Contract Provisions for Dispute Resolution
I cannot overemphasize the critical importance of drafting the appropriate dispute-resolution provision, tightly tailored to the particular transaction. There are several criteria to consider in drafting the dispute-resolution clause in the contract, including, for example:
- Think through what legal or factual issues may arise, depending on the nature and provisions of the transaction.
- Consult with counsel experienced in litigation, mediation, and arbitration.
- Consider what provisions would be appropriate to streamline the arbitration (e.g., limits on discovery).
- Advance planning in the deal negotiation is key. Do not wait until the last minute after other terms of the negotiation have been drafted to agree on a dispute-resolution provision.
- Avoid fatal drafting mistakes, some of which are called by one commentator, “The Seven Deadly Sins,” such as equivocation, inattention, omission of vital provisions (e.g., governing law, place of arbitration, that judgment may be entered on the award), over-specificity, unrealistic expectations, “litigation envy,” overreaching, etc.) John M. Townsend, Drafting Arbitration Clauses: Avoiding the 7 Deadly Sins, Dispute Resolution Journal, Vol. 58, No. 1, February-April 2003.
Think back to the little story at the beginning of this presentation, where some of the Seven Deadly Sins were perpetrated.

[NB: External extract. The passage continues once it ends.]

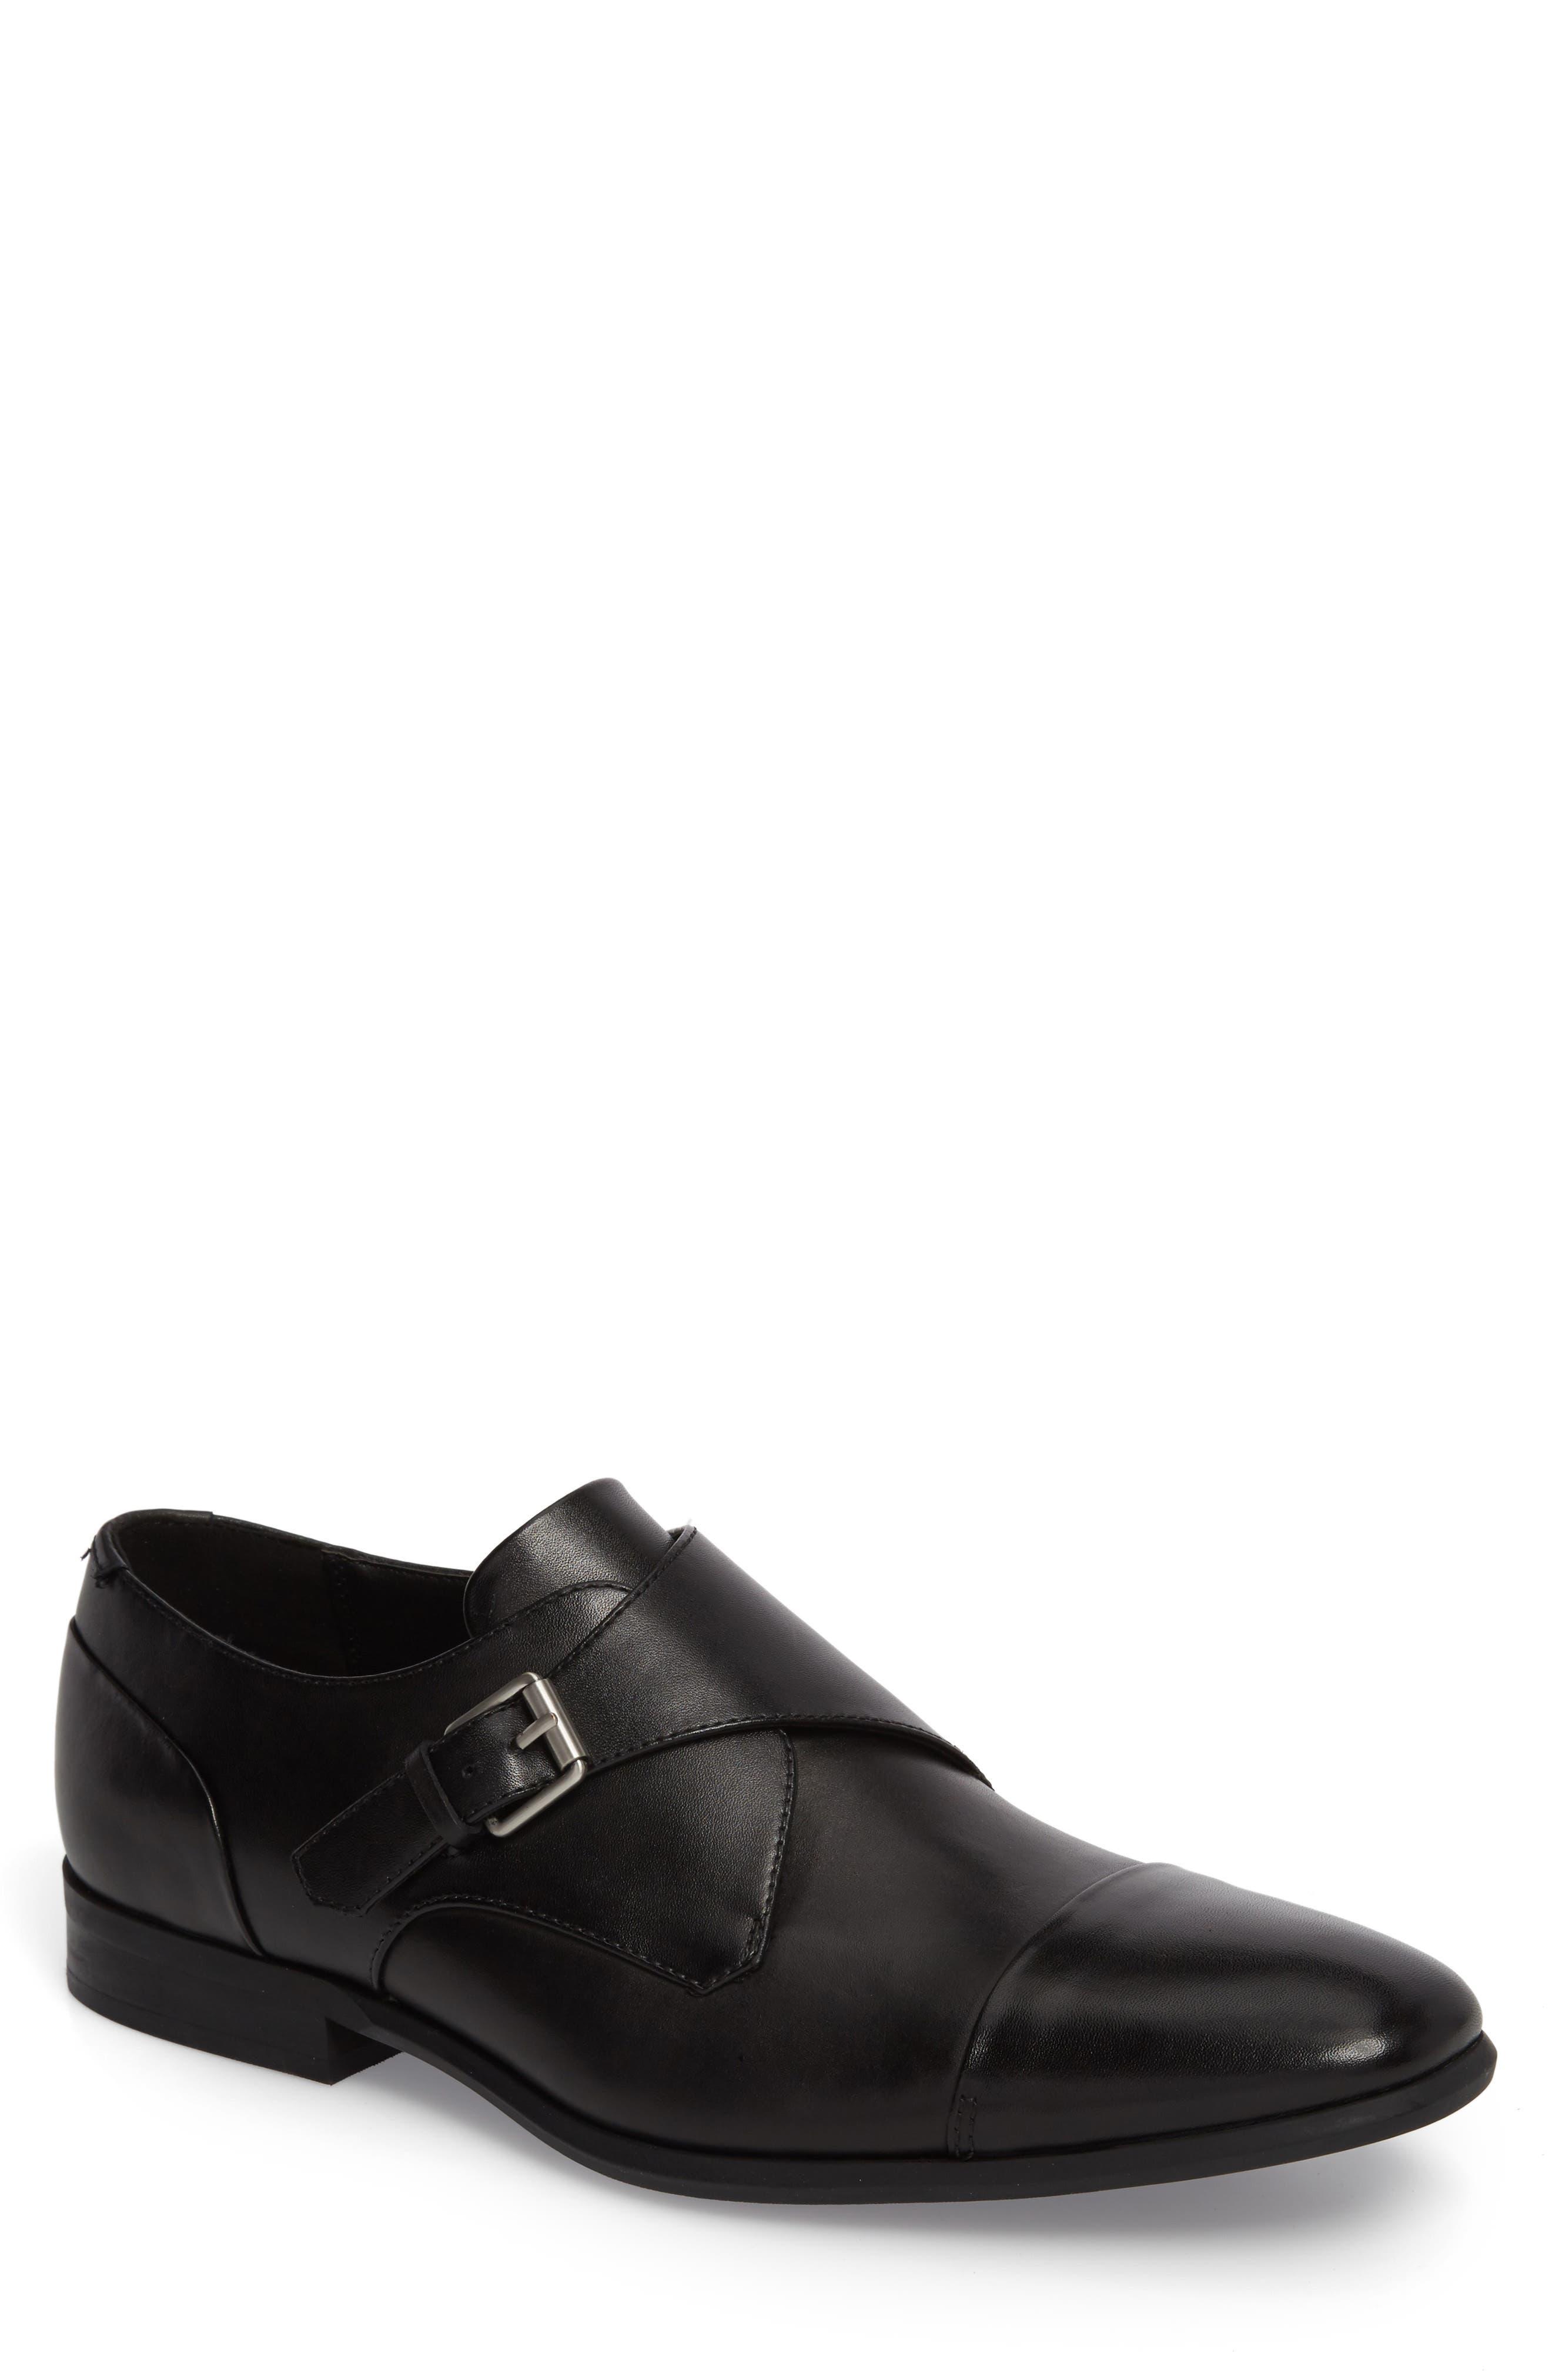 Lucus Monk Strap Shoe,                         Main,                         color, BLACK LEATHER

Management of the Arbitration Process
In addition to the importance of a carefully drafted dispute-resolution clause in the transaction documents, the case-management skills of the arbitrator or panel of arbitrators are crucial to a workable arbitration proceeding. Management of the arbitration must be placed in the hands of competent and experienced neutrals.
The very outset of the arbitration is a critical time when the arbitrators conduct the preliminary hearing with the parties and their counsel. It is here that the process and the tone are set for the entire proceeding. The outcome of this hearing should be the organization and scheduling going forward on matters such as the pleadings, case-dispositive motions, discovery benchmarks, future conferences with the arbitrators, a hearing date, pre-hearing procedures, and the like. It is a great opportunity for arbitrators to exercise firm, fair, common sense protocols designed to accomplish speed and cost effectiveness.

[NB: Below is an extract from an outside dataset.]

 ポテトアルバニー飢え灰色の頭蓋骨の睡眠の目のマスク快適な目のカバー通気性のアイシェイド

Following the establishment of a scheduling order resulting from the preliminary hearing, the arbitrators need to keep track of the implementation of the steps in the scheduling order and to manage promptly all disputes along the way, many of which are likely to be in connection with discovery issues.
Dispute-resolution decisions are intensely contextual and depend upon many factors. Mediation with an expert mediator is ordinarily a low-risk/high-reward step that can advance rationality and common sense in the process. International arbitration is usually preferred over relegating a transnational dispute to resolution in some foreign court systems.

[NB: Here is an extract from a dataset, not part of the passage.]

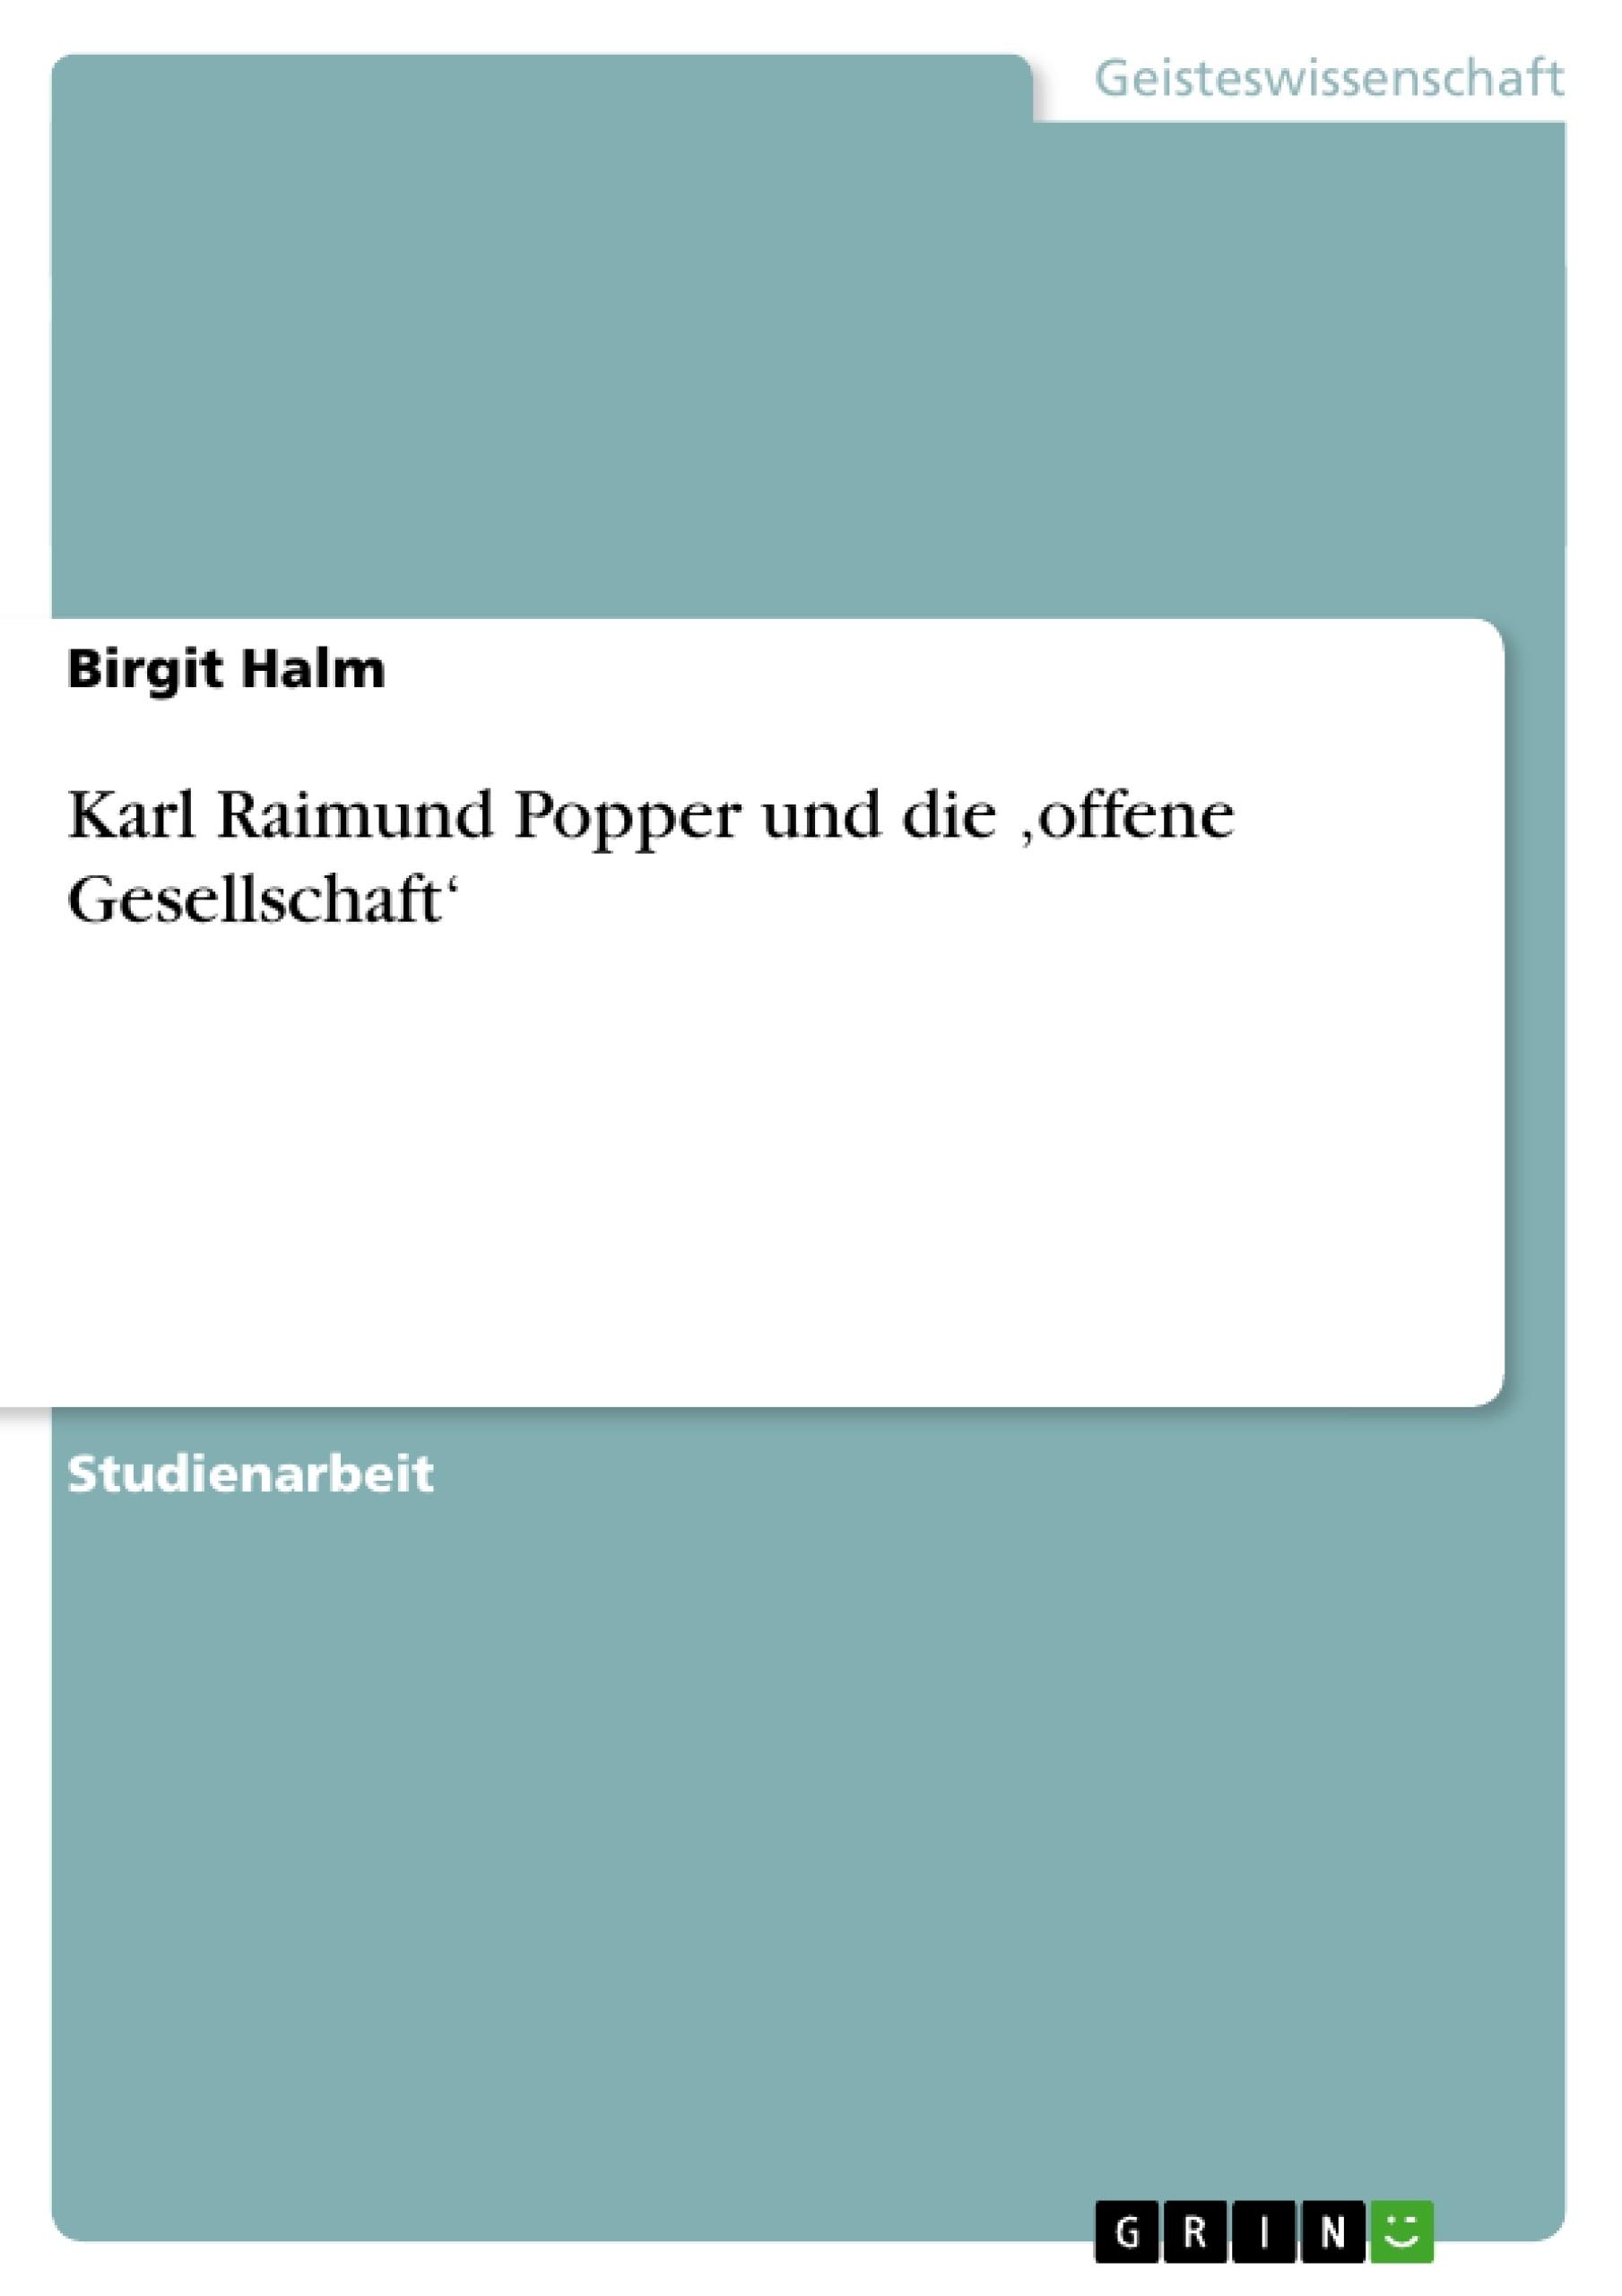 Titel: Karl Raimund Popper und die 'offene Gesellschaft'

Domestic arbitration is where most of the controversial issues arise. Is domestic arbitration viewed as being so inherently bad that it is essentially intractable? Or can proper drafting and skillful handling of the process by arbitrators in specific cases make it manageable? In my opinion, the latter is correct.
Assuming that there is not an overarching need for a determination of the dispute by a federal or state court system, domestic arbitration, which embodies the benefits of confidentiality and flexibility, can be made to work effectively. If the arbitration can be set up with proper safeguards and state-of-the-art best practices, careful drafting and high-quality neutrals, the likelihood of disaster resulting from the arbitration should be diminished or avoided.
In those cases the promise of arbitration is not illusory.